Task directions: Once you find the line with "2023 Selection |", output it and every line after it exactly, through the last line of the listing, but no pictures.

Supplied information:
+-------+
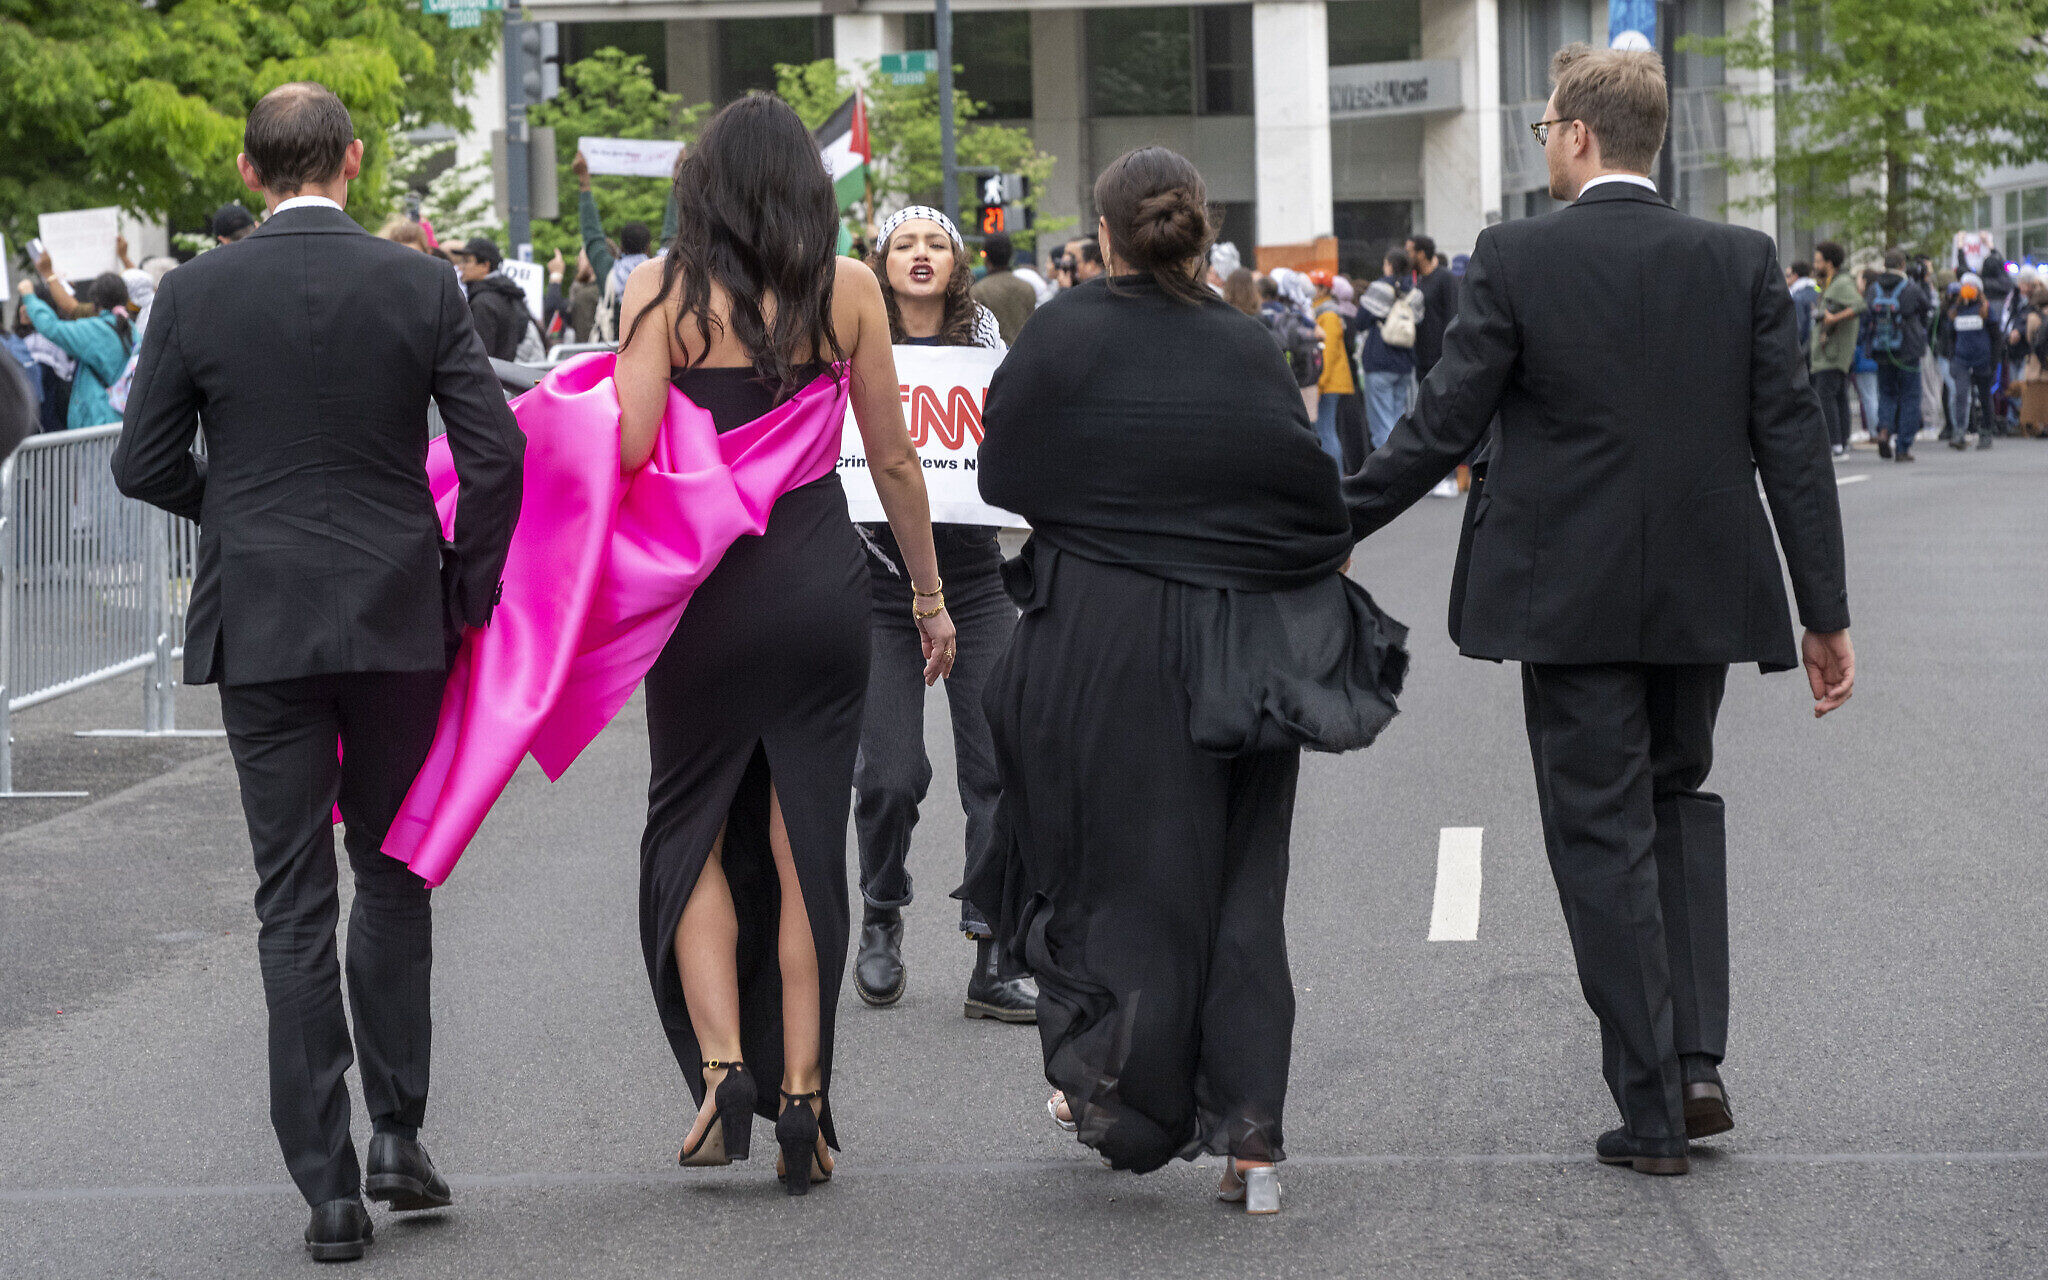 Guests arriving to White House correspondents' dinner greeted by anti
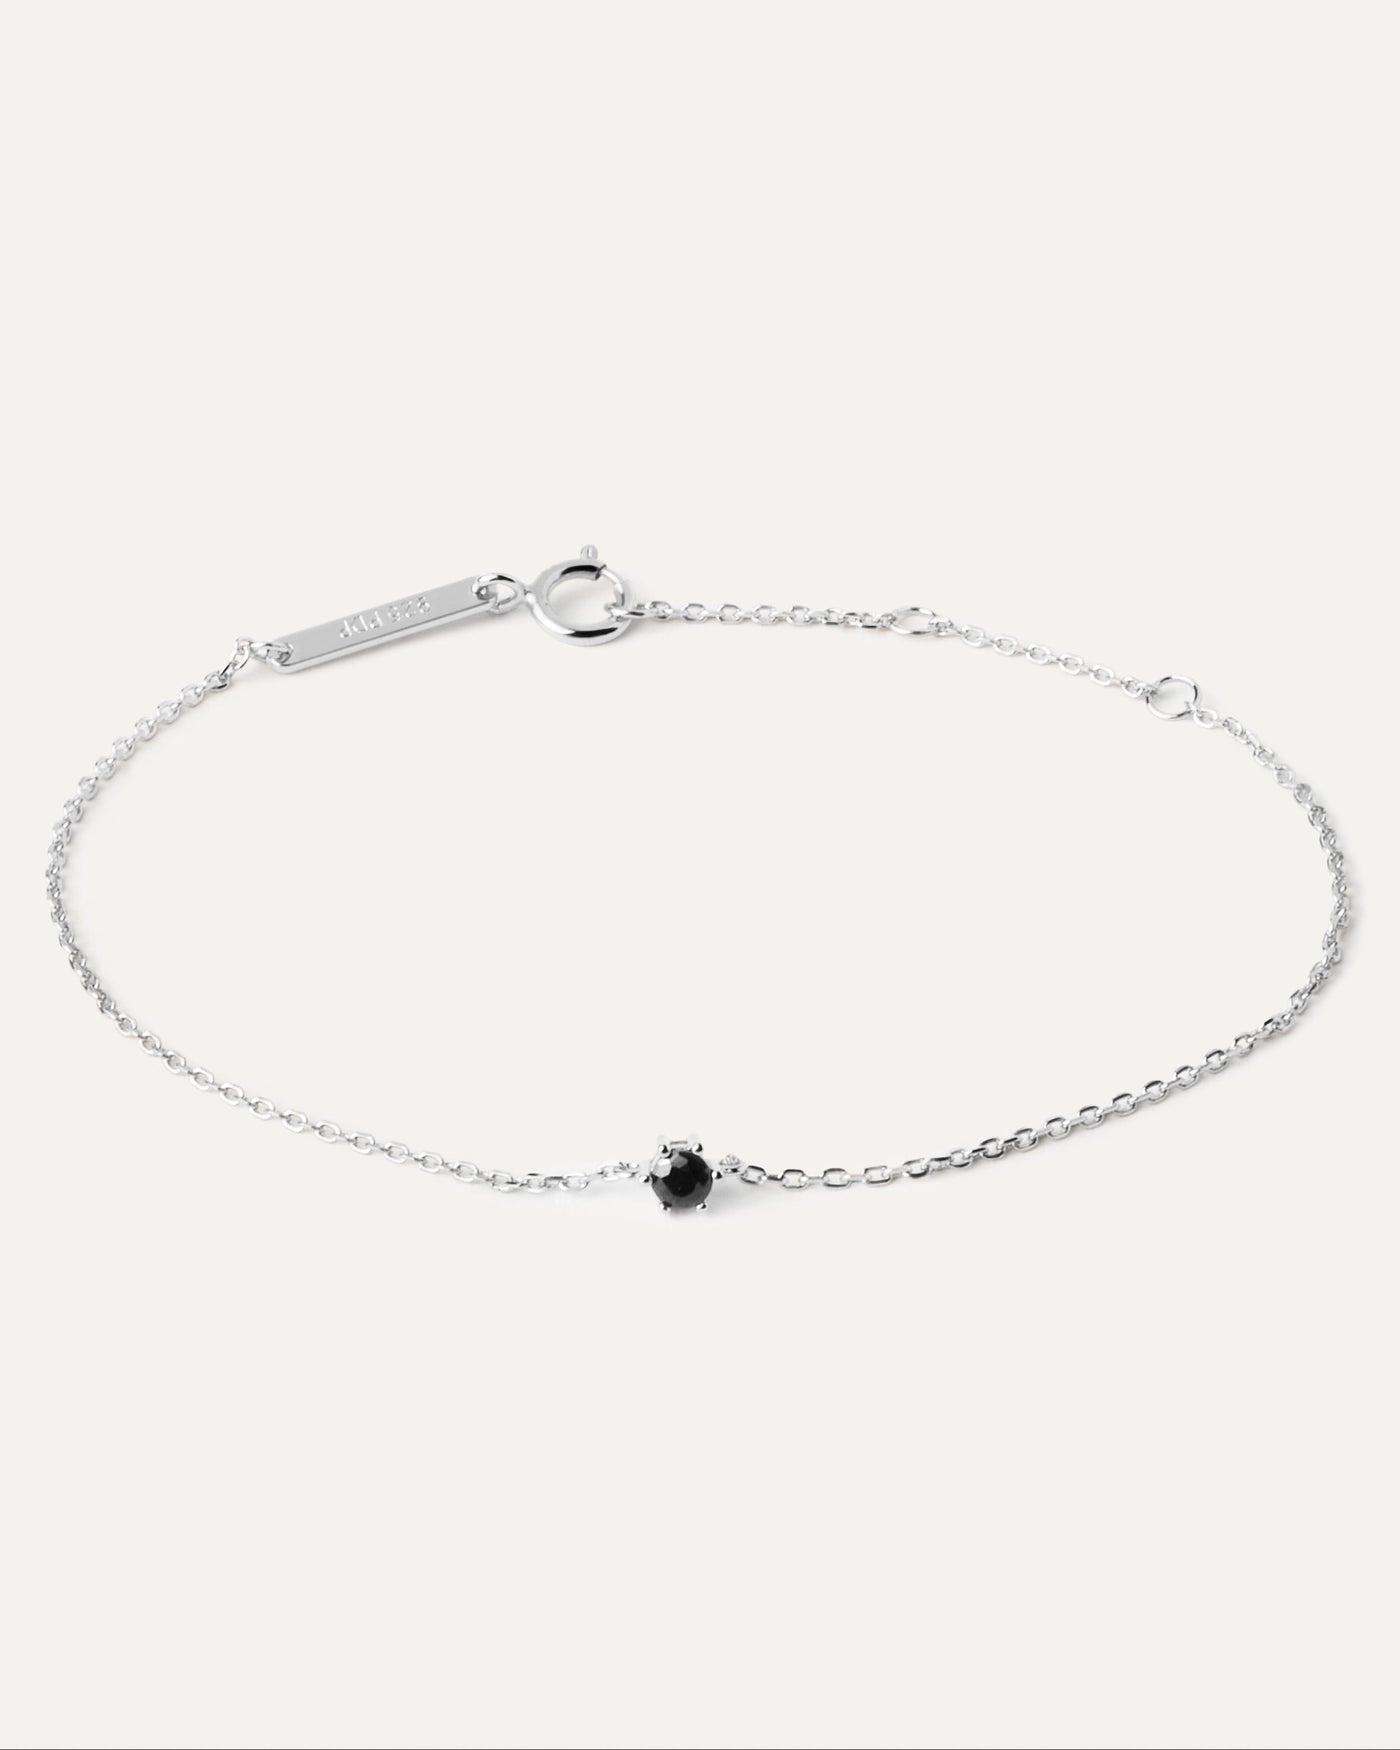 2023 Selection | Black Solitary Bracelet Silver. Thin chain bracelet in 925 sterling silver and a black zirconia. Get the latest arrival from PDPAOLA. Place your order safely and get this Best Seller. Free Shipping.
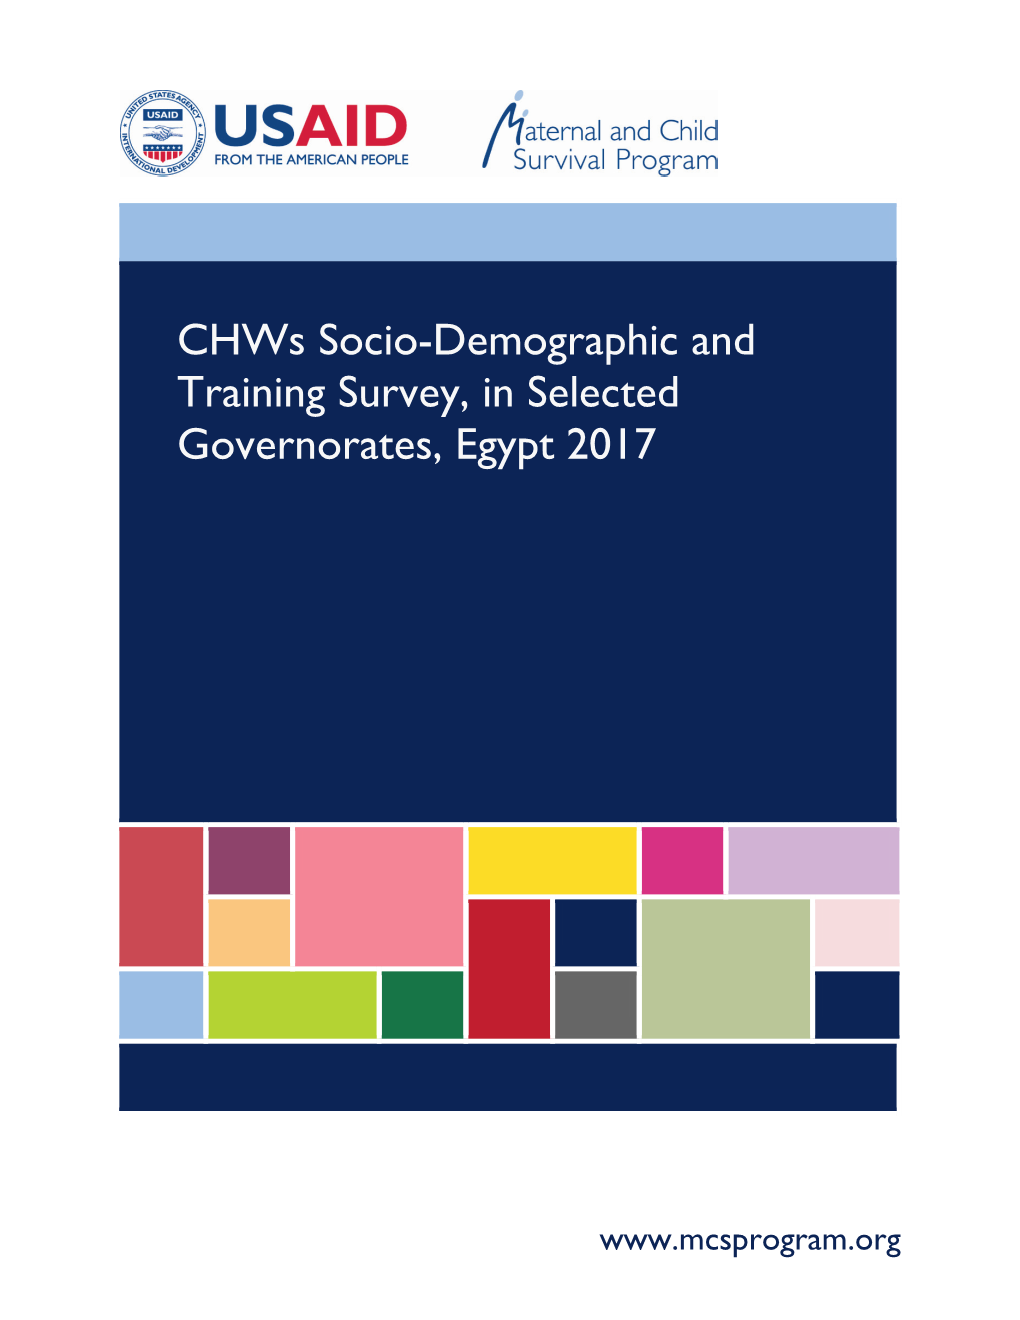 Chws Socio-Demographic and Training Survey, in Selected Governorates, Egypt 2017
+-------+
Task answer:
 2023 Selection | Black Solitary Bracelet Silver. Thin chain bracelet in 925 sterling silver and a black zirconia. Get the latest arrival from PDPAOLA. Place your order safely and get this Best Seller. Free Shipping.
 Chws Socio-Demographic and Training Survey, in Selected Governorates, Egypt 2017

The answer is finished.